Hacker News new | past | comments | ask | show | jobs | submit login
3-Sweep: Extracting Editable Objects from a Single Photo [video] (youtube.com)
354 points by rellik on Sept 10, 2013 | hide | past | web | favorite | 72 comments

The key here is really complementary use of ‘what humans are good at’ and ‘what machines are good at’.

In this case, it’s fair to say the machine, by analyzing pixels, can’t figure out perspective very well. The human can do that just fine, given an interface mechanism.

The machine is good at detecting edges and seeing similarity between pixels. Given hints from the human that ‘this point is within an object’ and here is the perspective, the machine can infer the limits of the object based on edges/colors and project it into 3 dimensions.
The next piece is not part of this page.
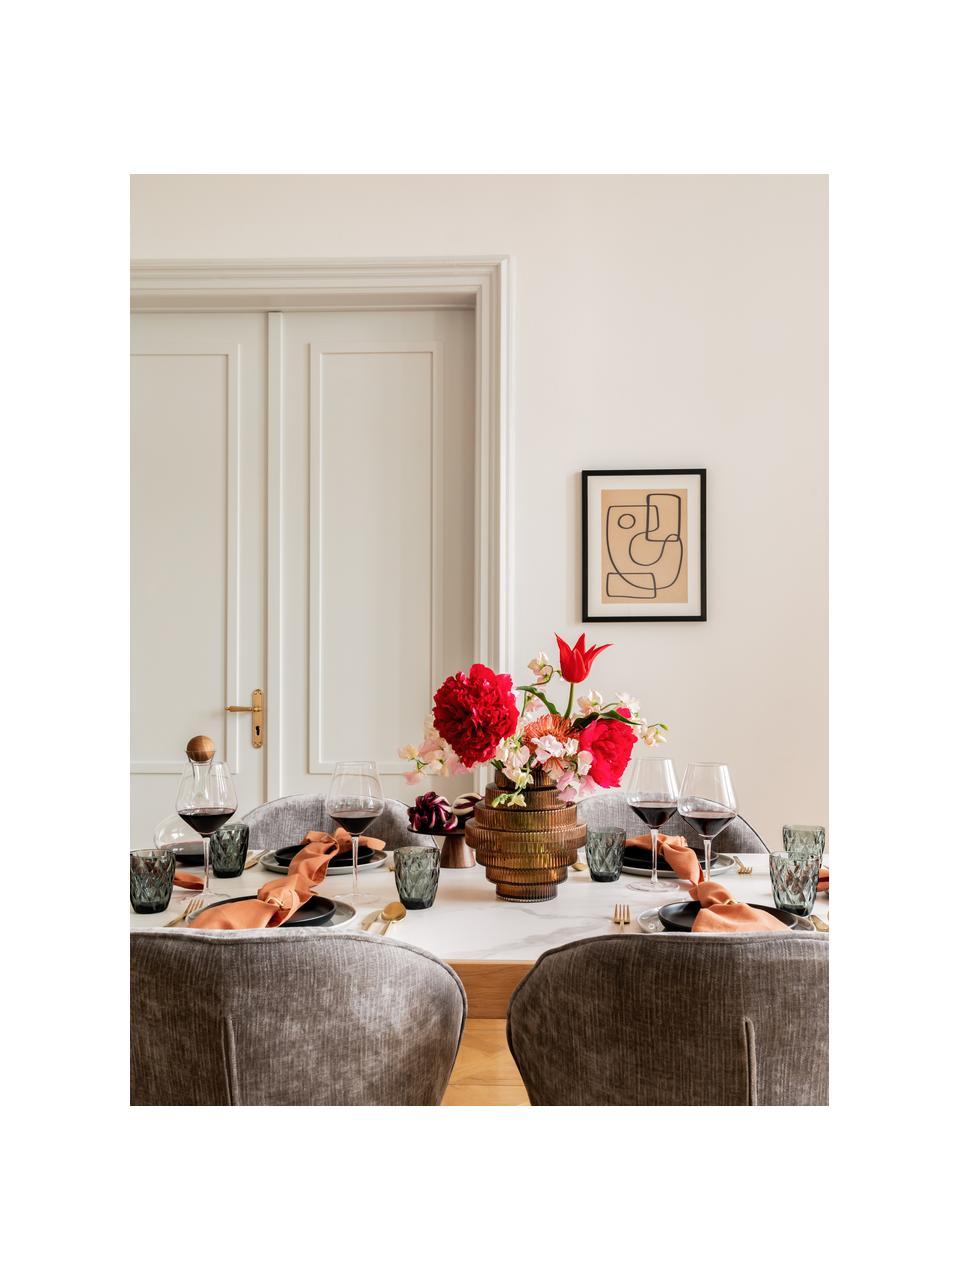 Bicchiere vino rosso in vetro soffiato Ays 4 pz, Vetro, Trasparente, Ø 7 x Alt. 25 cm

Amazing.

The perspective analysis is done pretty darn well by the machine in these examples.

I'm not a HN etiquette stickler, and I'm not accusing anyone of any foul play, but the actual YouTube video was submitted 17 hours prior to this post: https://news.ycombinator.com/item?id=6358080

This is just in case you want to throw a few upvotes their way for being first. This also illustrates that late night (PDT/UTC -8) posts don't get a whole lot of votes and proper timing is crucial to getting lots of votes.

It was also submitted here even earlier: https://news.ycombinator.com/item?id=6351712

Personally, I'm just glad to see this video finally getting traction. It really is such a cool demo. It even stands out in the field of consistently high-quality SIGGRAPH demos. Can't wait to read the paper!

I submitted it too https://news.ycombinator.com/item?id=6352371

It's weird that it has received quite a few votes each time and never made it to the front page. Was it a timing issue (late night, early morning, non-American hours) or is YouTube "weighted down" somehow?

What I was thinking all along: "Oh come on! It can't be this perfect, show me where it fails." And they did!

This is indeed magic. I'm so happy to live in this age, and be part of the "Sorcerers' Guild".

Yeah, I was thinking the same thing. Funny how them pointing out the failures of the product make it seem cooler (since it seems more real).

The paper is not out yet, but you can read the abstract here:


If you marked shadows and associated them with their source, could you then recover the light source(s) and be able to remove the baked shadows and recast them in real time?

Also, with the shiny objects, could you specify the material properties and have it "back out" the reflection such that the reflection was recomputed as you moved the shape around?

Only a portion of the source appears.